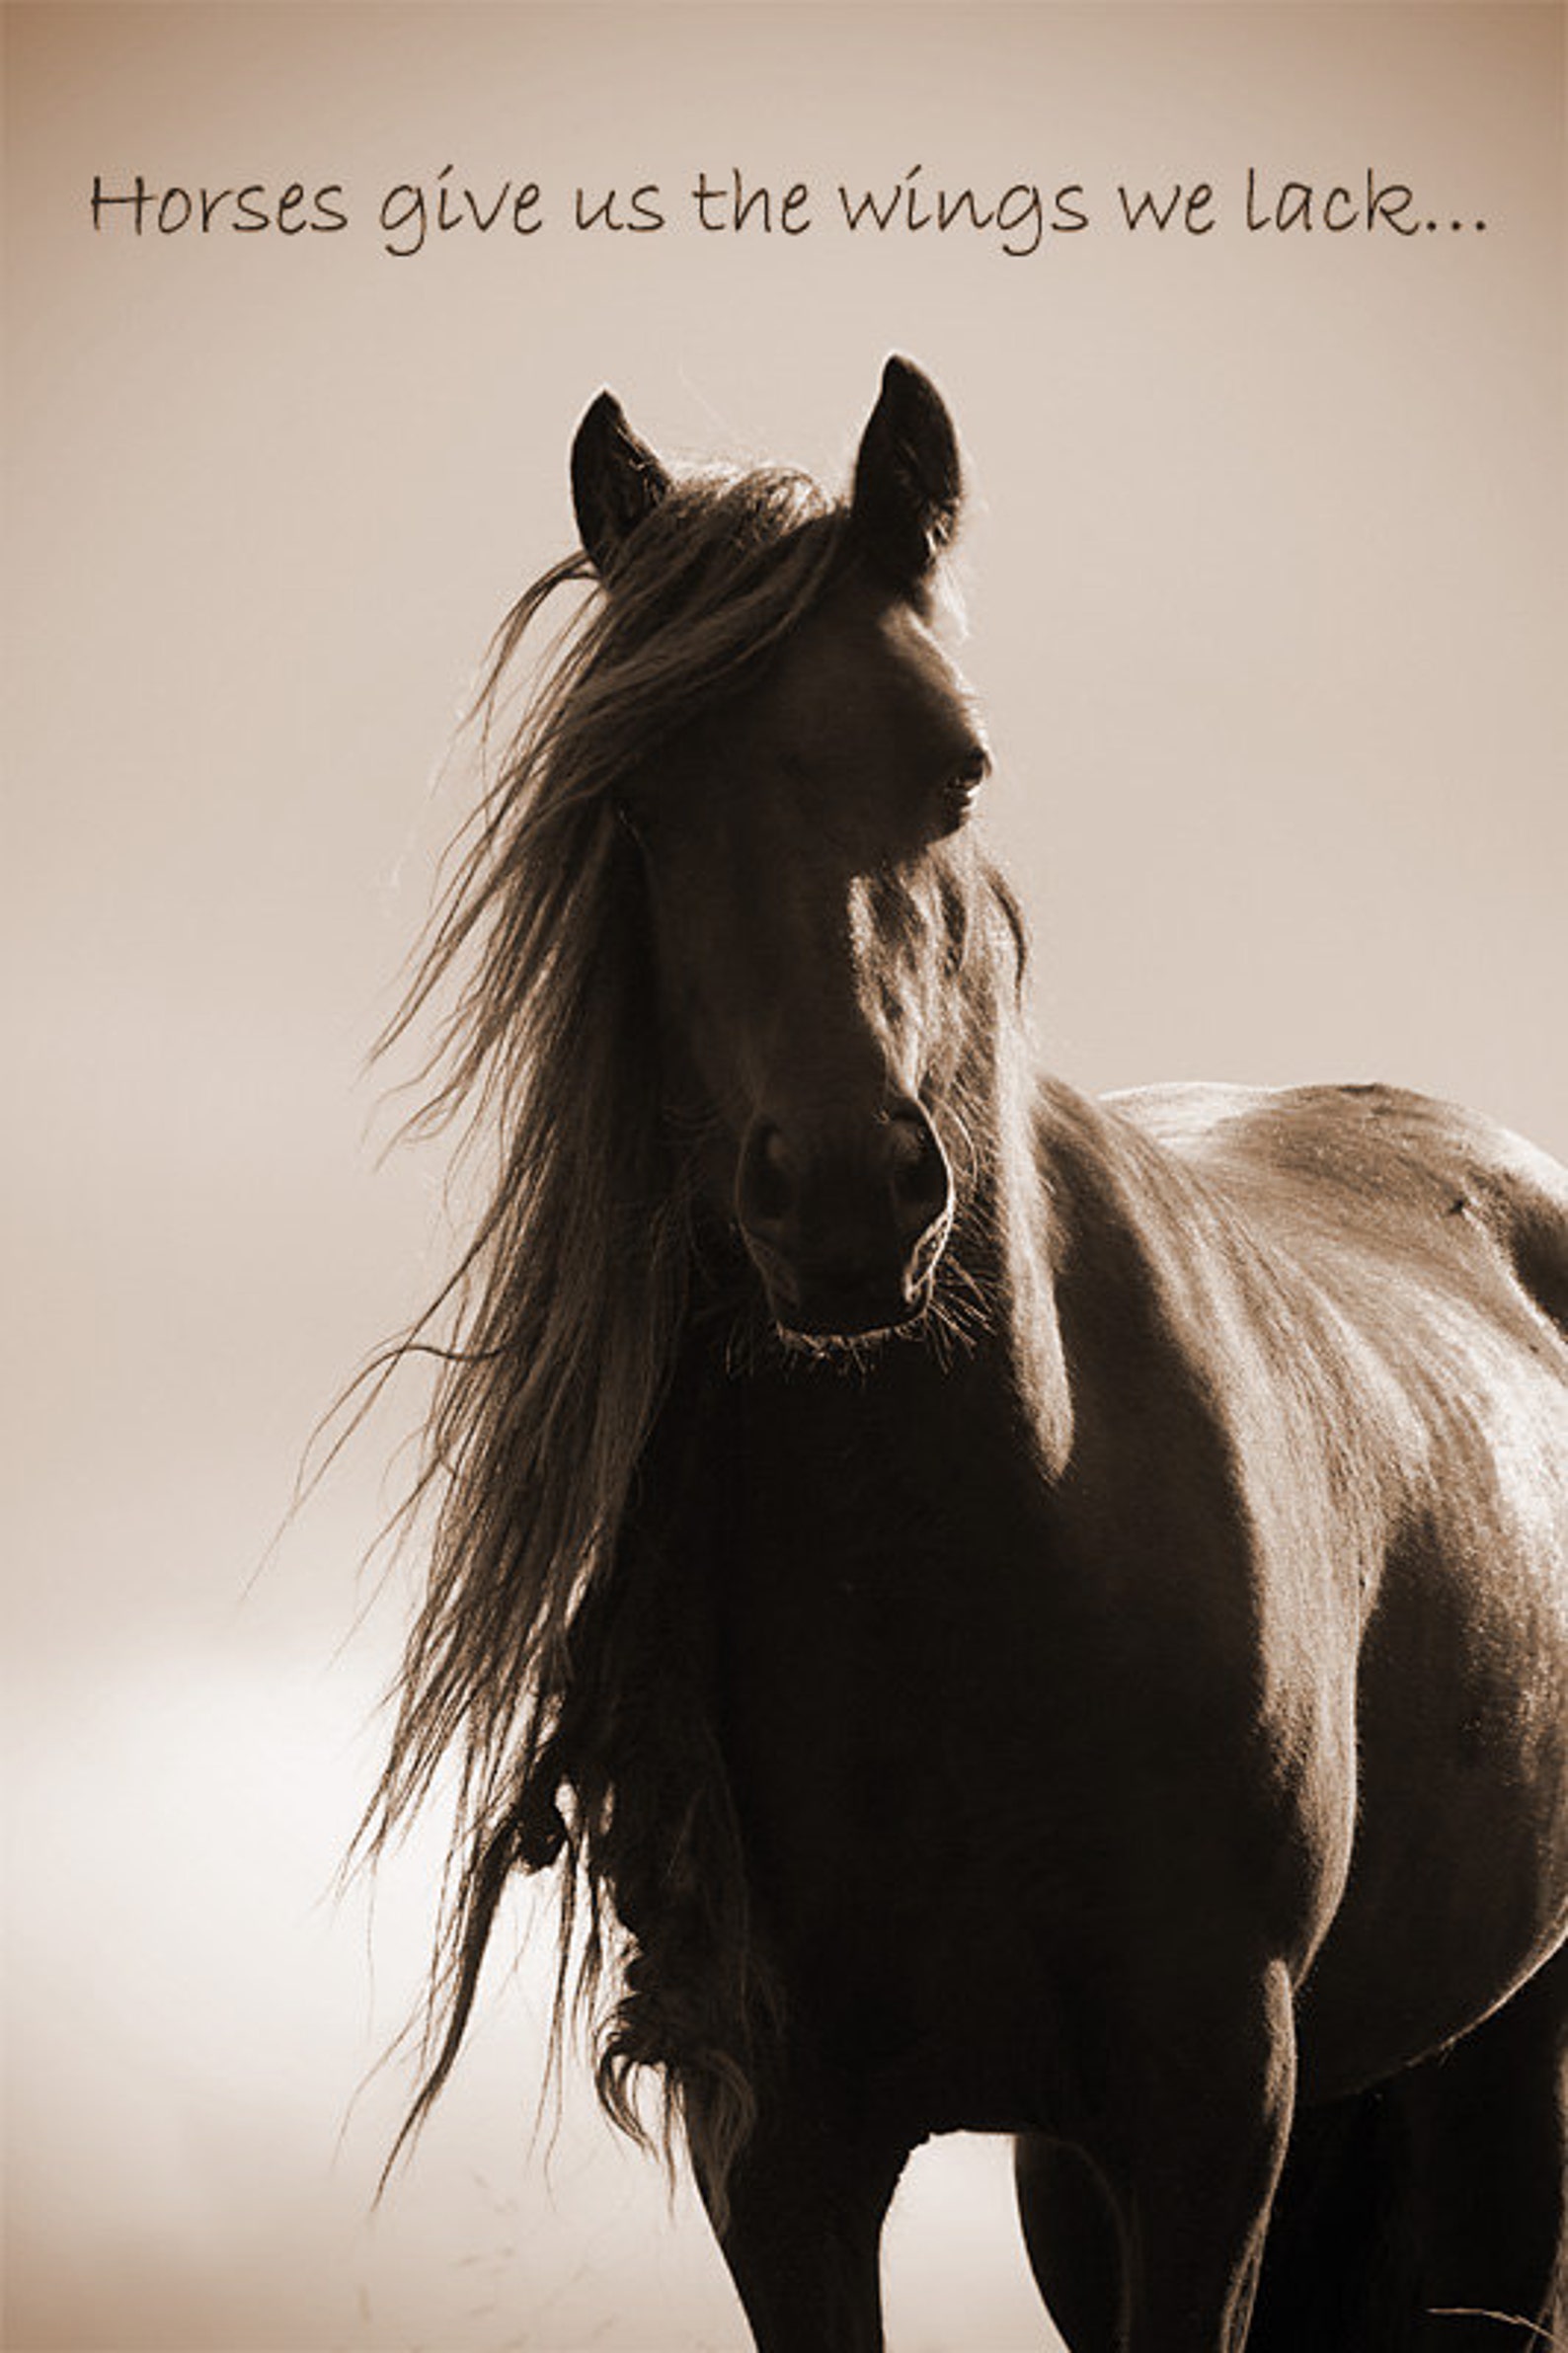 Обложка лошади. Красивые лошади. Картинки лошадей. Картинки на рабочий стол лошади. Профессиональные фотографии лошадей.
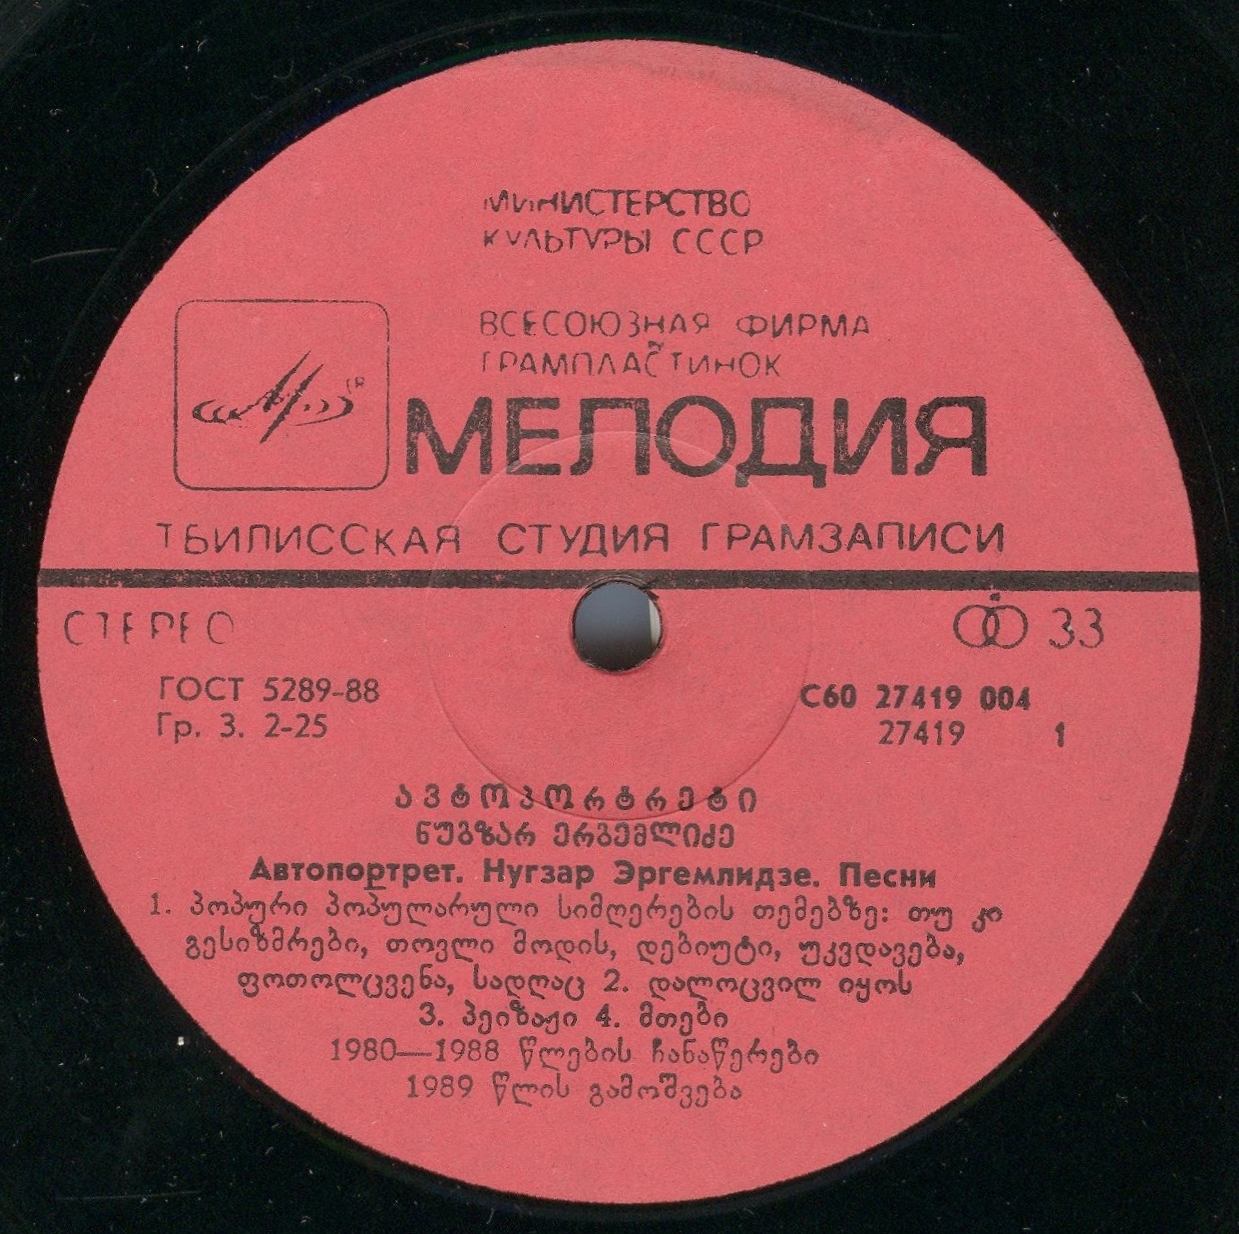 Н. ЭРГЕМЛИДЗЕ (1955): «Автопортрет», песни (на грузинском яз.).
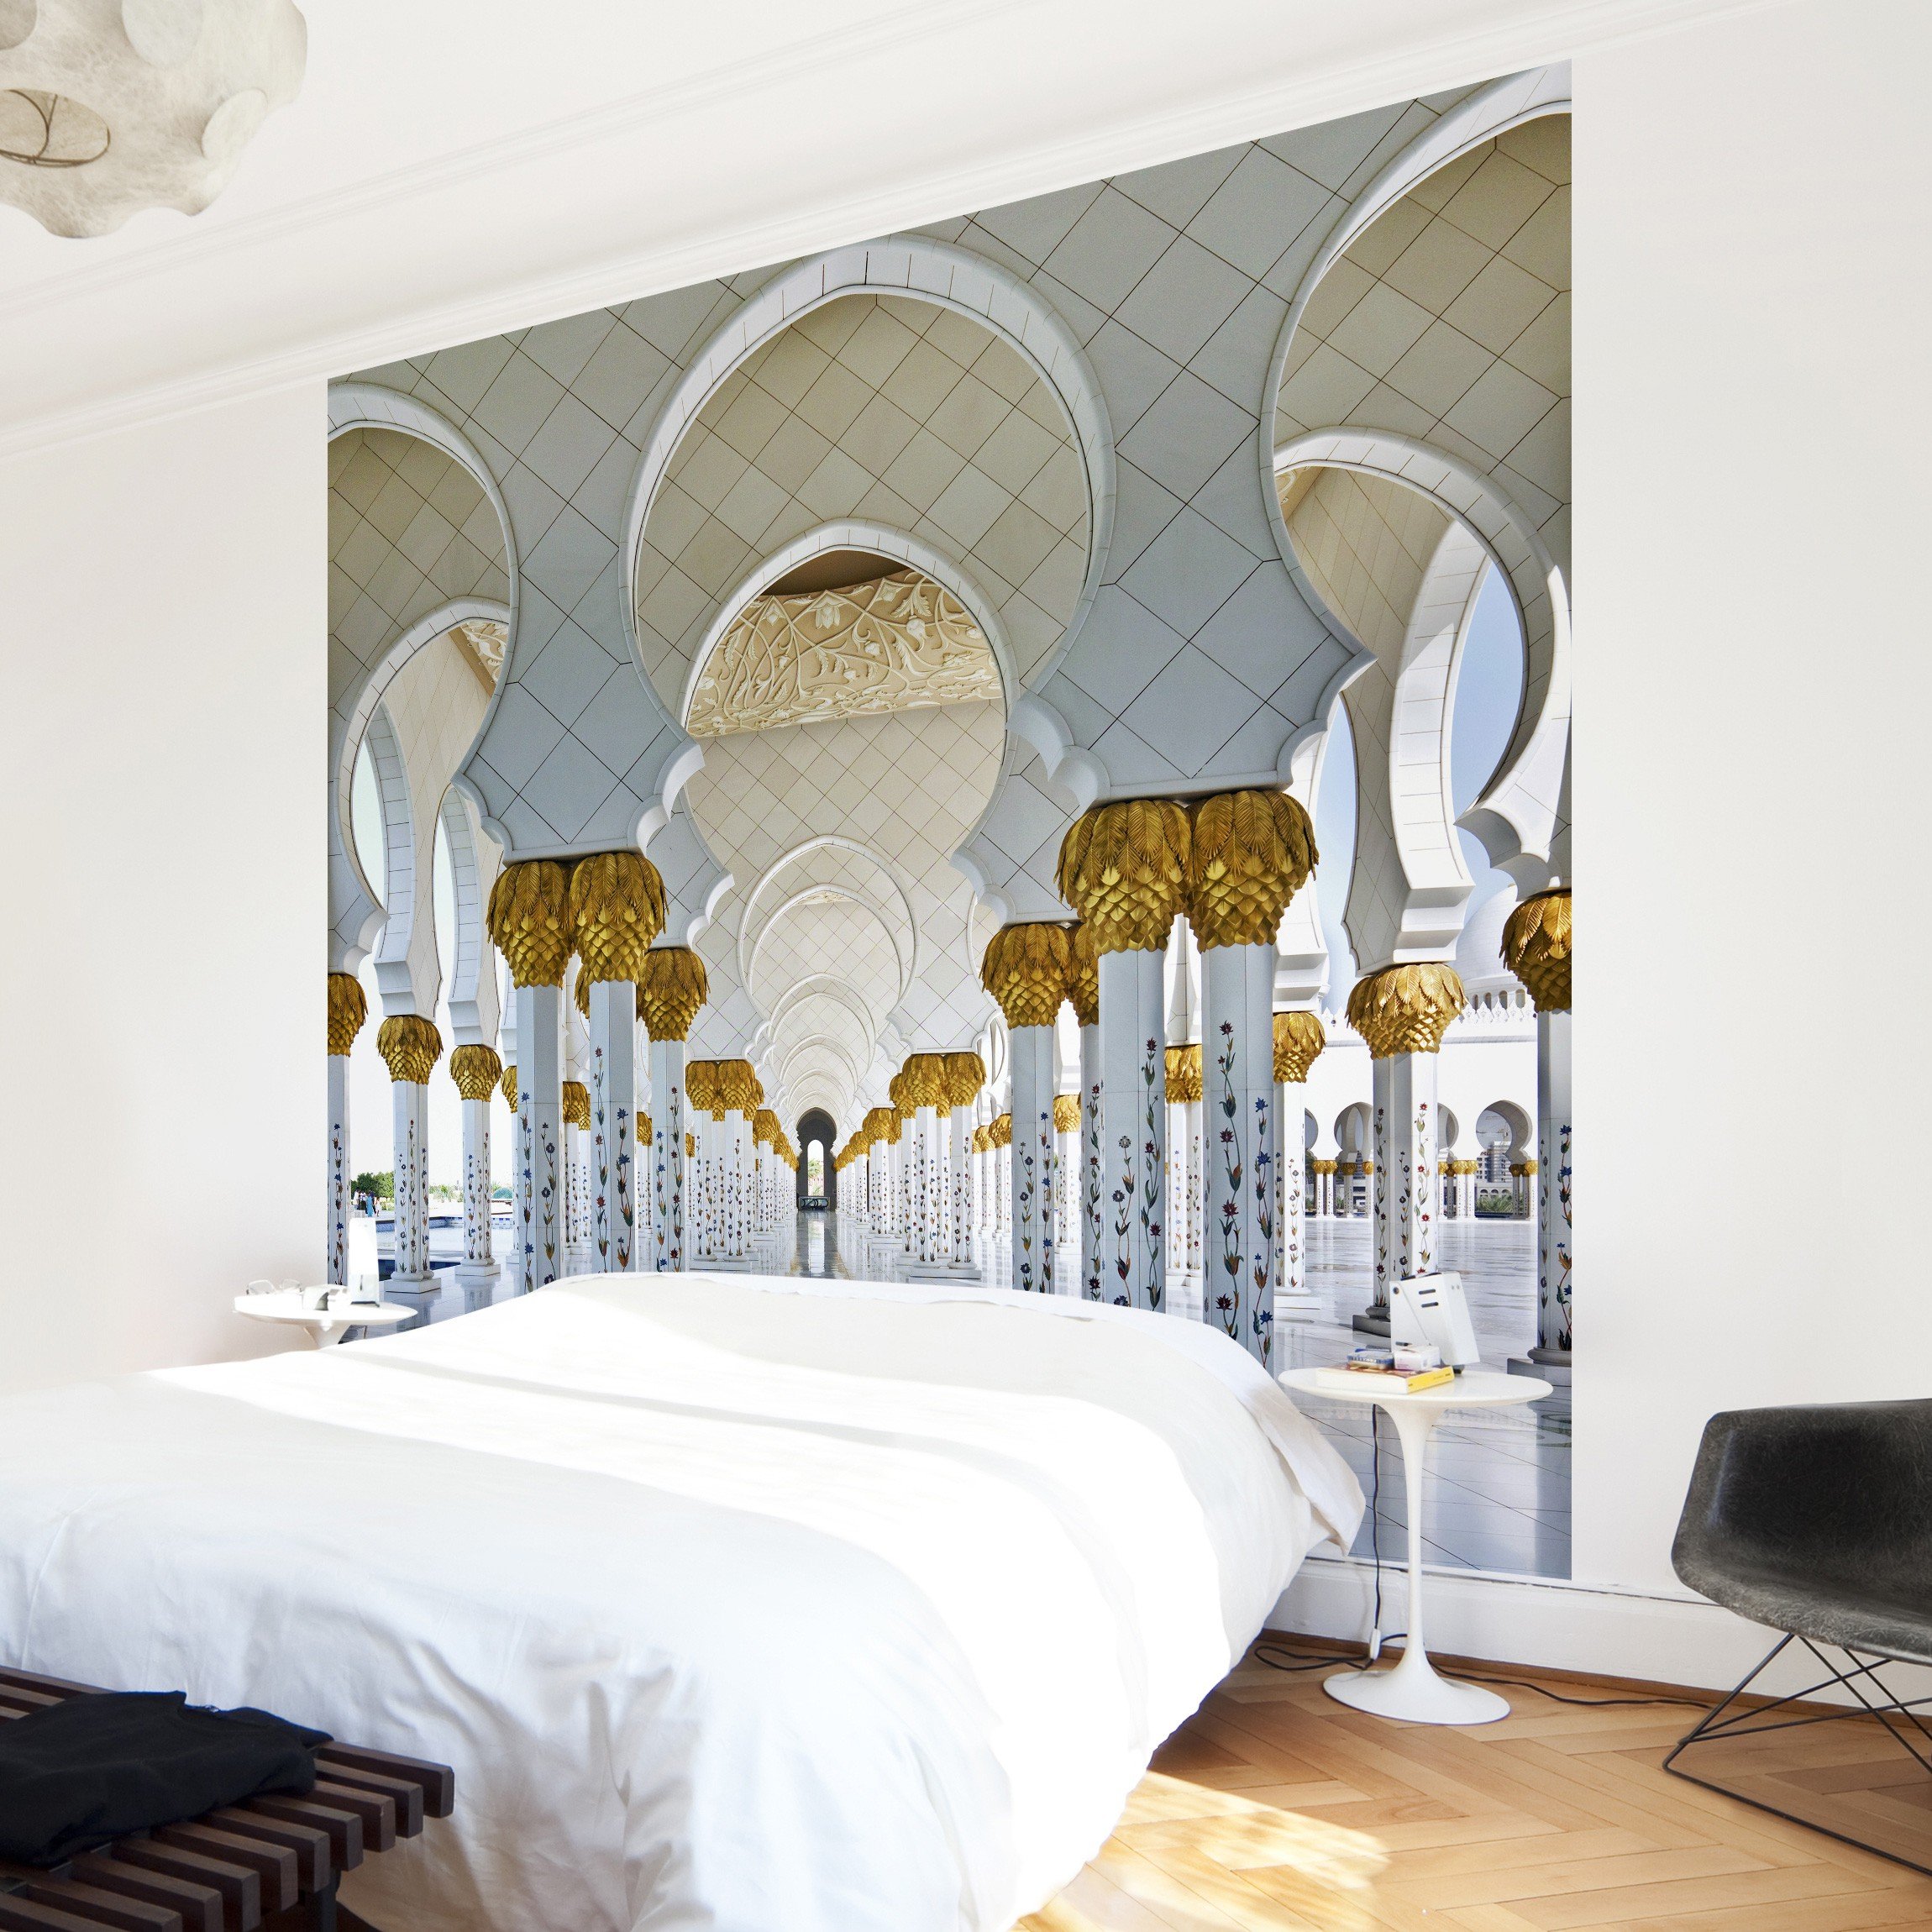 Apalis Vliestapete Moschee in Abu Dhabi Fototapete Quadrat | Vlies Tapete Wandtapete Wandbild Foto 3D Fototapete für Schlafzimmer Wohnzimmer Küche | Größe: 288x288 cm, mehrfarbig, 95392

Exercise
Copy exactly what appears from the line holding "(на грузинском яз.)." to the end of the material, keeping both end lines. Pictures are not part of the copy.

Written answer
 Н. ЭРГЕМЛИДЗЕ (1955): «Автопортрет», песни (на грузинском яз.).
 Apalis Vliestapete Moschee in Abu Dhabi Fototapete Quadrat | Vlies Tapete Wandtapete Wandbild Foto 3D Fototapete für Schlafzimmer Wohnzimmer Küche | Größe: 288x288 cm, mehrfarbig, 95392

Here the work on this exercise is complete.